Spacecraft properties
- Spacecraft: Space Shuttle Discovery
- Launch mass: 116,884 kilograms (257,685 lb)
- Payload mass: 83,122 kilograms (183,253 lb)

Crew
- Crew size: 7
- Members: Kenneth D. Bowersox; Scott J. Horowitz; Joseph R. Tanner; Steven A. Hawley; Gregory J. Harbaugh; Mark C. Lee; Steven L. Smith;

Start of mission
- Launch date: February 11, 1997, 08:55:17 UTC
- Launch site: Kennedy, LC-39A

End of mission
- Landing date: February 21, 1997, 08:32 UTC
- Landing site: Kennedy, SLF Runway 15

Orbital parameters
- Reference system: Geocentric
- Regime: Low Earth
- Perigee altitude: 475 kilometres (295 mi)
- Apogee altitude: 574 kilometres (357 mi)
- Inclination: 28.4698 degrees
- Period: 95.2 min

Capture of Hubble
- RMS capture: 13 February 1997, 08:34 UTC
- RMS release: 19 February 1997, 06:41 UTC

= STS-82 =

1997 American crewed spaceflight to the Hubble Space Telescope

STS-82 was the 22nd flight of the Space Shuttle Discovery and the 82nd mission of the Space Shuttle program.
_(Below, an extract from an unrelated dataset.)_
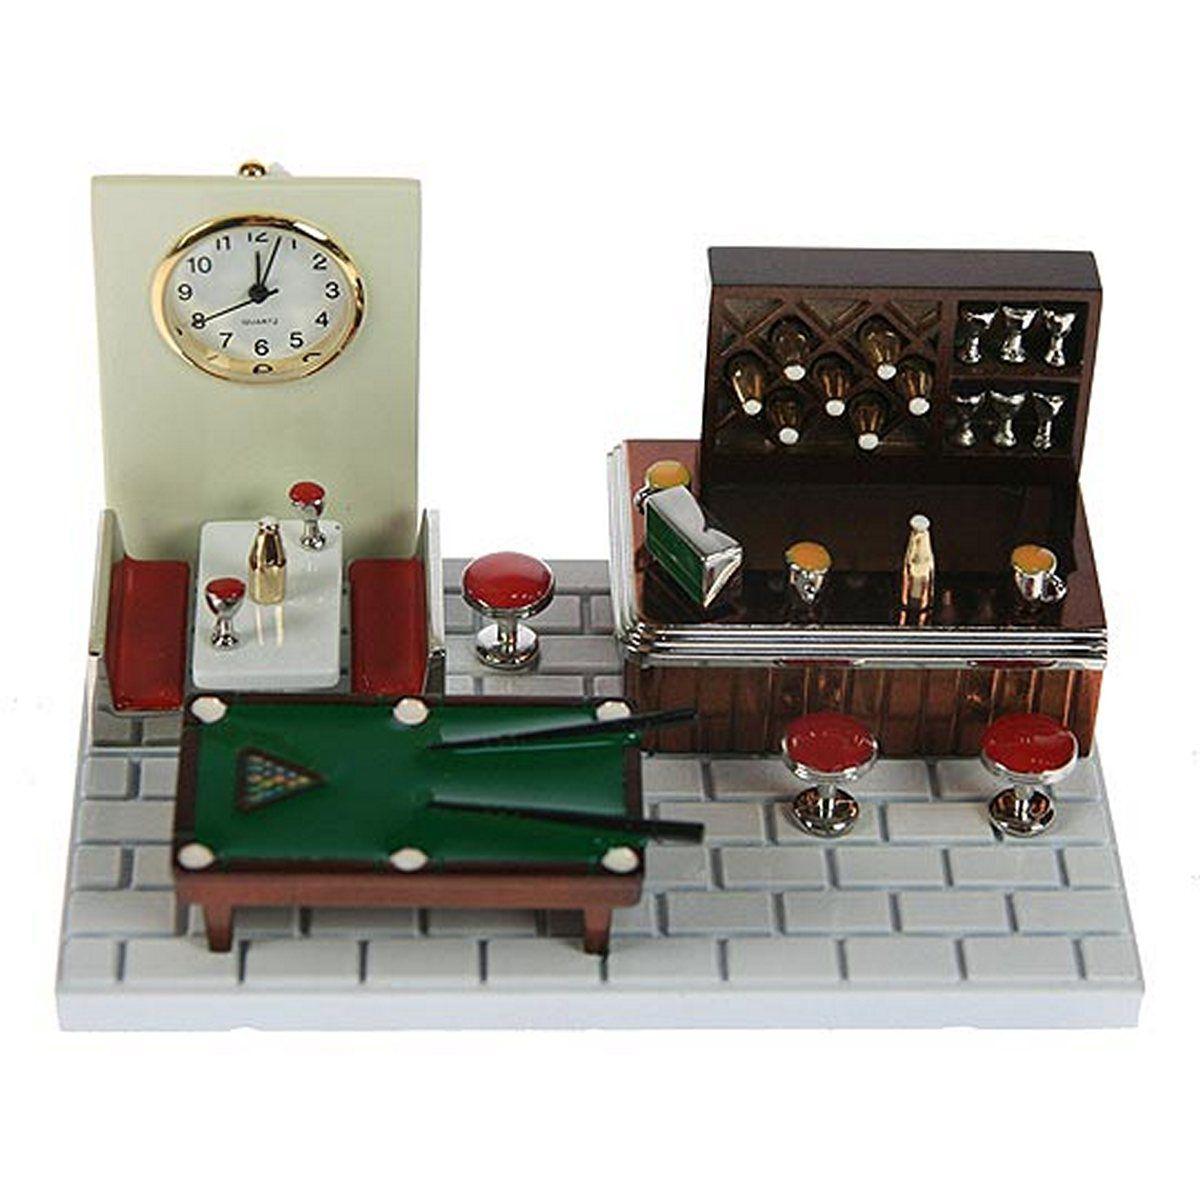 Часы настольные Русские Подарки Бар, 11 х 7 х 6 см. 2240522405Настольные кварцевые часы Русские Подарки Бар изготовлены из металла, циферблат защищен стеклом. Корпус оригинально оформлен в виде барной стойки с бильярдным столом. Часы имеют три стрелки - часовую, минутную и секундную. Такие часы украсят интерьер дома или рабочий стол в офисе. Также часы могут стать уникальным, полезным подарком для родственников, коллег, знакомых и близких. Часы работают от батареек типа SR626 (в комплект не входят).
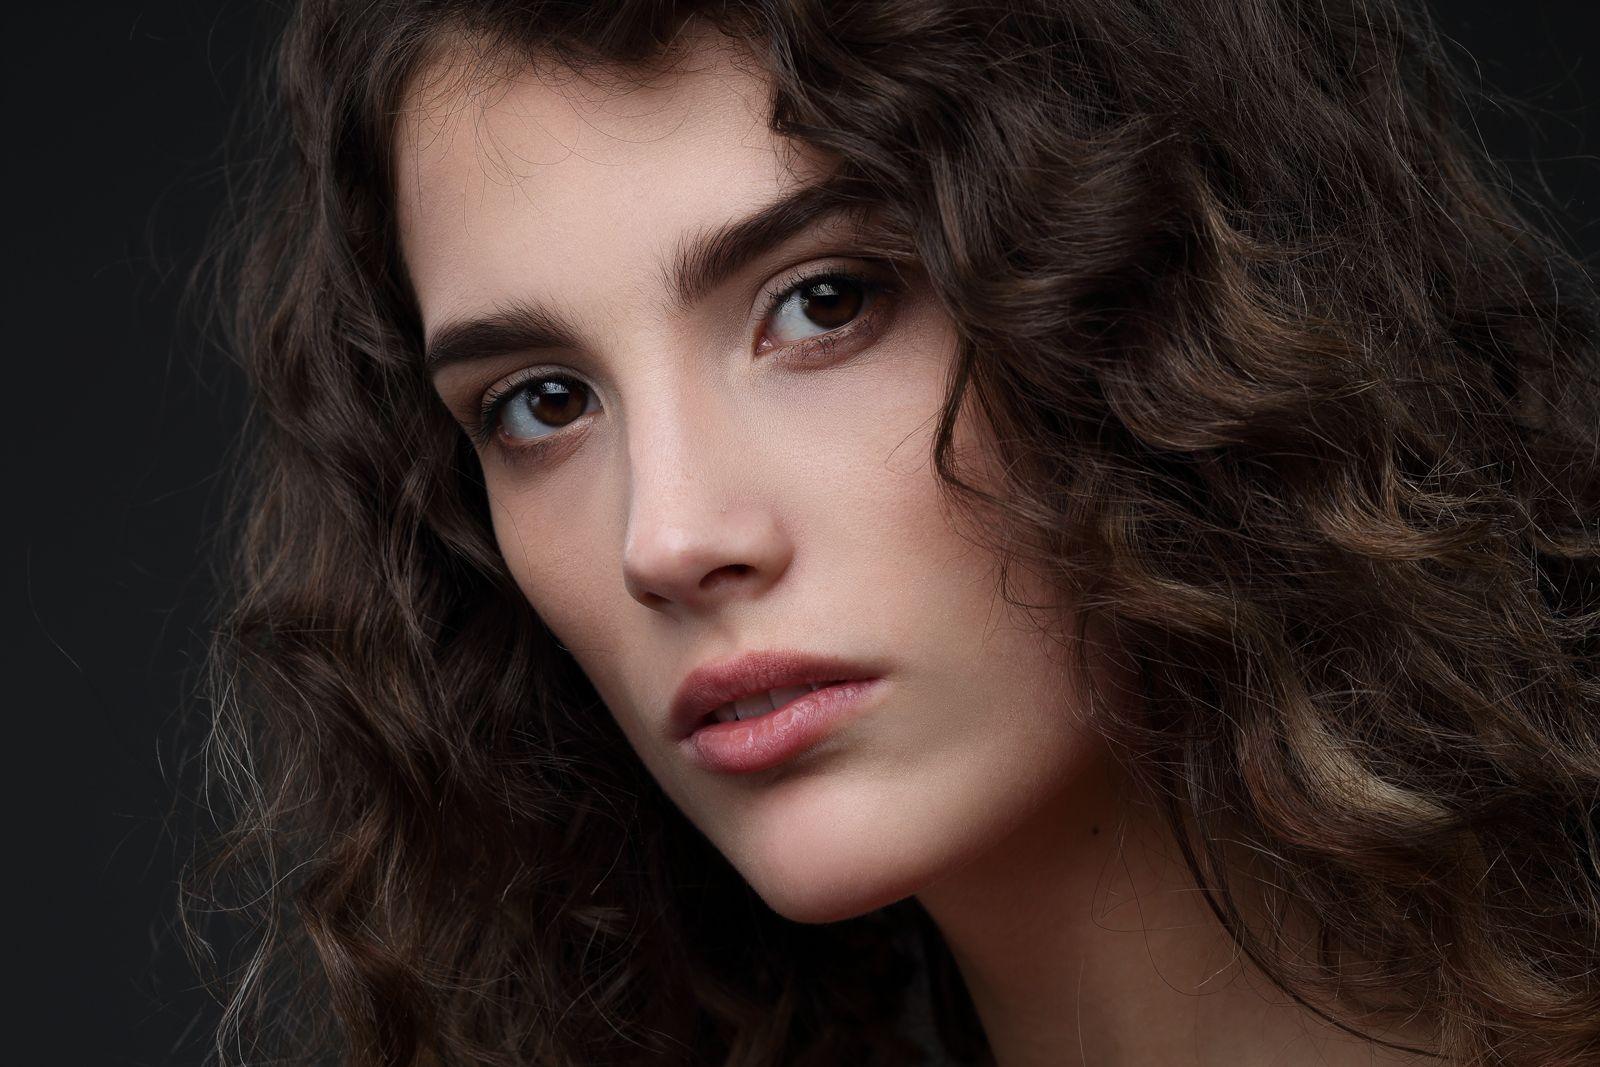 Надежда К Девушка женщина модель молодость взгляд портрет бьюти фото красивая актриса волосы

It was NASA's second mission to service the Hubble Space Telescope, during which Discovery's crew repaired and upgraded the telescope's scientific instruments, increasing its research capabilities. Discovery launched from Kennedy Space Center, Florida, on February 11, 1997, returning to Earth on February 21, 1997, at Kennedy Space Center.

==Crew==
Discovery was crewed by a seven person team for the STS-82 mission.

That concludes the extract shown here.